ANTIKE GRIECHISCHE STATUEN AUS ZINNBRONZE: ÜBERLEGUNGEN ZUM URSPRÜNGLICHEN ERSCHEINUNGSBILD FÜR ANTIKE BESUCHER

Eine Statue aus Zinnbronze, einer Legierung mit etwa 90 % Kupfer und 10 % Zinn, besitzt zunächst eine hochglänzende, leicht rötliche bis überwiegend goldene Färbung. Dank der 2022 vom Louvre Museum veröffentlichten Untersuchungsergebnisse des Wagenlenkers von Delphi wissen wir, dass die antiken Besucher Delphis die Statue in diesem goldenen Glanz erblickten.

Die Oberfläche von Zinnbronze oxidiert jedoch relativ schnell, wodurch sich eine matte, dunklere Färbung entwickelt. In einem ersten Schritt bildet sich eine bräunliche bis dunkelbraune Schicht aus Kupferoxid und Kupferoxidverbindungen.
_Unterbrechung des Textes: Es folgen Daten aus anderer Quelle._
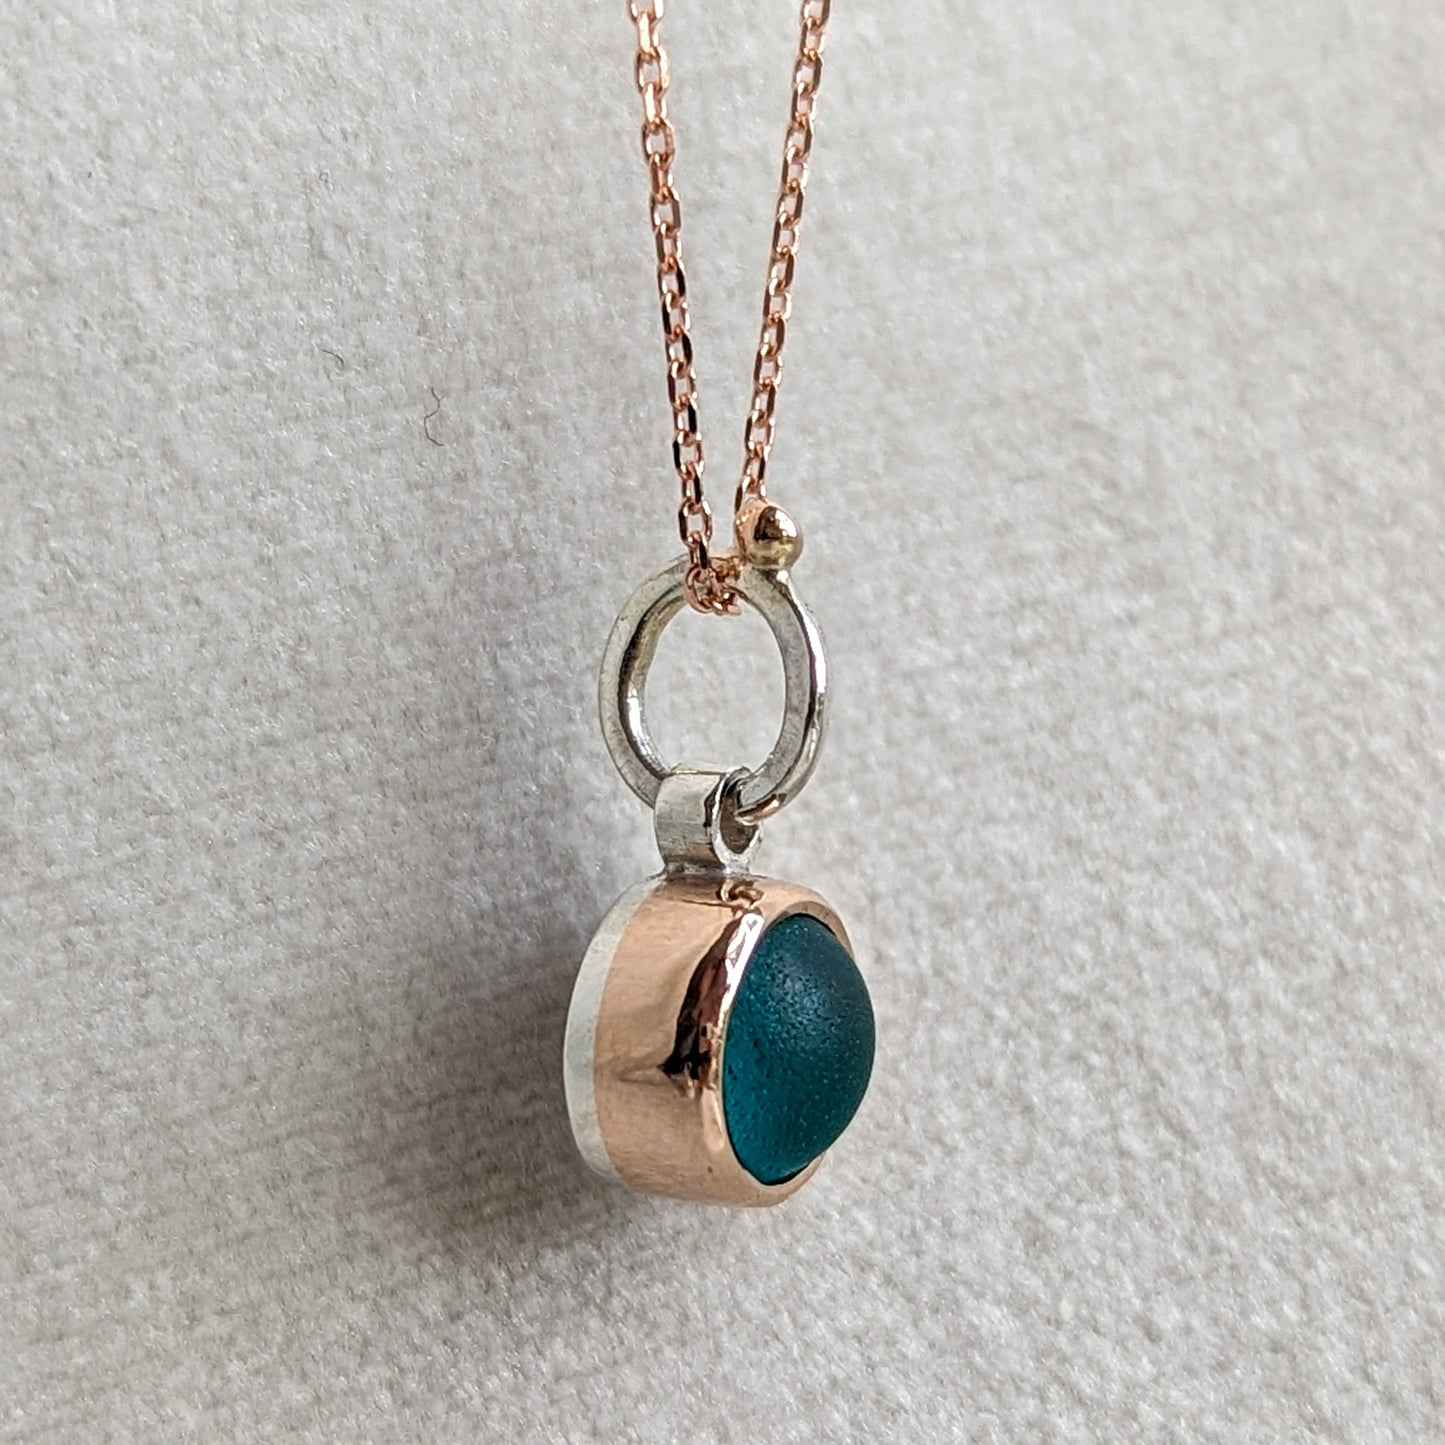 Rose gold necklace with round teal sea glass by Booblinka Jewellery

Setzt sich die Oxidation fort und wirkt Feuchtigkeit sowie Kohlendioxid in der Luft auf die Bronze ein, entsteht eine grüne Patina. Diese grünliche Verfärbung wird hauptsächlich durch Kupfercarbonat, wie etwa Malachit, und Kupferchloridverbindungen verursacht. Diese Patina ist bekannt dafür, die Bronze vor weiterer Korrosion zu schützen.

Unter speziellen Umweltbedingungen, etwa in der Nähe des Meeres, können sich auch bläuliche Töne entwickeln, die vor allem durch Kupfersalze und -chloride hervorgerufen werden. Im ursprünglichen Zustand weist eine Zinnbronze-Statue also einen rötlich-goldenen Glanz auf, der sich im Laufe der Zeit durch Oxidation in eine braune und später in eine grüne oder bläuliche Patina verwandelt.

Es stellt sich die Frage, ob die Hüter von Delphi diese Oxidationsprozesse bewusst zugelassen haben. Sollte dies der Fall gewesen sein, hätten die Statuen nach einigen Jahren ihren goldenen Schimmer verloren und stattdessen die beschriebenen oxidierten Farbtöne angenommen. Vieles spricht jedoch dafür, dass die Amphiktyonen die Statuen durch kontinuierliche Pflege in ihrem goldenen Glanz bewahrten. Diese Annahme wird durch historische Berichte von antiken Besuchern gestützt. Darüber hinaus ist bekannt, dass bedeutende Götterstatuen in griechischen Tempeln, wie die Zeusstatue in Olympia und die Athene-Statue im Parthenon, täglich und aufwendig gepflegt wurden. Daher liegt die Vermutung nahe, dass auch die Bronzestatuen in Delphi sorgfältig instand gehalten wurden, da sie eine bedeutende Rolle im Erlebnis der antiken Besucher spielten.

Die Pflege der Statuen könnte unter anderem in der Aufbringung einer Wachsschicht bestanden haben, eine Methode, die historisch vielfach belegt ist. Durch regelmäßige Pflege und das erneute Auftragen von Wachs sowie intensiven Reinigungen der Oberfläche konnte der ursprüngliche goldene Glanz einer Zinnbronze-Statue über Jahrhunderte erhalten bleiben.

Die Bedeutung von golden schimmernder Zinnbronze zeigt sich auch darin, dass diese Legierung selbst Jahrhunderte nach der Erschaffung des Wagenlenkers von Delphi bei den Römern bevorzugt wurde. Bronzeartefakte, die 1998 in Pompeji entdeckt und von der Goethe-Universität Frankfurt untersucht wurden, zeigten fast durchgängig die klassische Zusammensetzung von Zinnbronze: 90 % Kupfer und 10 % Zinn.

Fazit: Es gibt überzeugende Anhaltspunkte dafür, dass lebensgroße antike Bronzestatuen aus Zinnbronze gefertigt wurden und sich den Betrachtern in ihrem ursprünglichen Zustand golden schimmernd präsentierten.